The result is almost like you crossed Splinter Cell with Army of Two, Rainbow 6 Vegas or some other mindless 3rd person shooter where endless hordes of enemies constantly stream into your firing line. The thing that sticks out to me the most, more than any other facet of the redisgn of the franchise, is the sheer number of enemies. Yes, there are still many stealth elements in the game, and several times where you are sneaking and hiding and staying out of the light, and those parts feel great - but there simply arent enough of them to make this feel like a true stealth game, a true Splinter Cell game. Instead it feels like a genre mishmash, like someone gave a description of the Splinter Cell franchise to some 12 year old boys and let them make the game. Maybe thats too harsh, but then again, this is the Splinter Cell game where Sam Fisher walks around with an AK-47 and frag grenades.

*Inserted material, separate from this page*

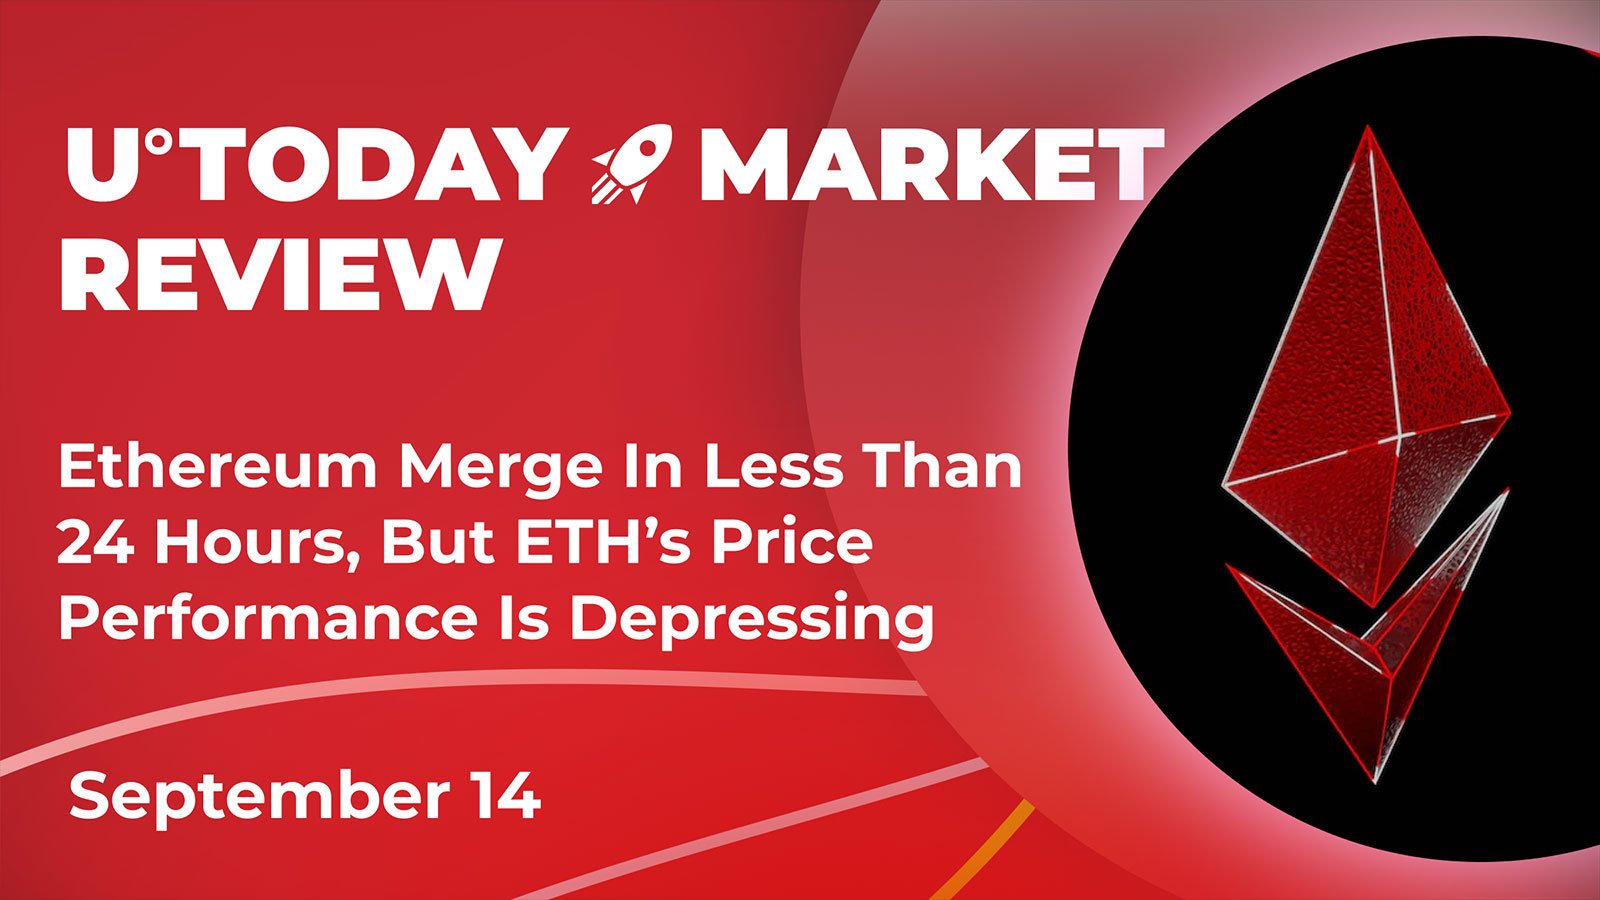 Ethereum Merge in Less Than 24 Hours, But ETH's Price Performance Is Depressing: Crypto Market Review, September 14

Finally, Id like to talk about the online multiplayer. Yes, there are a ton of modes. No, they arent all that much fun. There are several Horde style survival modes, a mode where you protect a generator from waves of enemies, and a VS mode which pits two spies against each other. There is neither a coop vs mode, with two teams of 2 spies facing off against each other, nor is there a return of the Spies vs Mercs mode which has made an appearance in prior games. While in previous Splinter Cell games, even those from the last generation of consoles, a 4 person multiplayer match was possible, in this new game (which has spent years of development on a "next gen" console) the highest number of people that can play online together is 2. If there ever was a recipe for having your game not make the top 10 most played Xbox Live titles, its limiting the online play to only 2 people. Back in 2005, we thought Ubisoft would expand on its outstanding multiplayer formula in future games to include 6 or 8 players, but the past two titles have taken so many steps backwards its hard to give the developer any credit at all.
I dont know whether the market has changed too much since 2005 to expect a Splinter Cell like those in the past - which were difficult to learn and even harder to master. One of the Ubi developers, when specifically asked why Spies vs Mercs hadnt been created for Conviction, stated that the gameplay was simply too hardcore for most players to ever get into. Hearing statements like that, its hard to be optimistic for the future of the franchise. Many games today - not all, but many - arent being made into the best possible game they could be. They are being made to be sold to the highest number of people. Its an alarming trend, and unfortunately as core gamers who are the minority demographic, one we have little control over.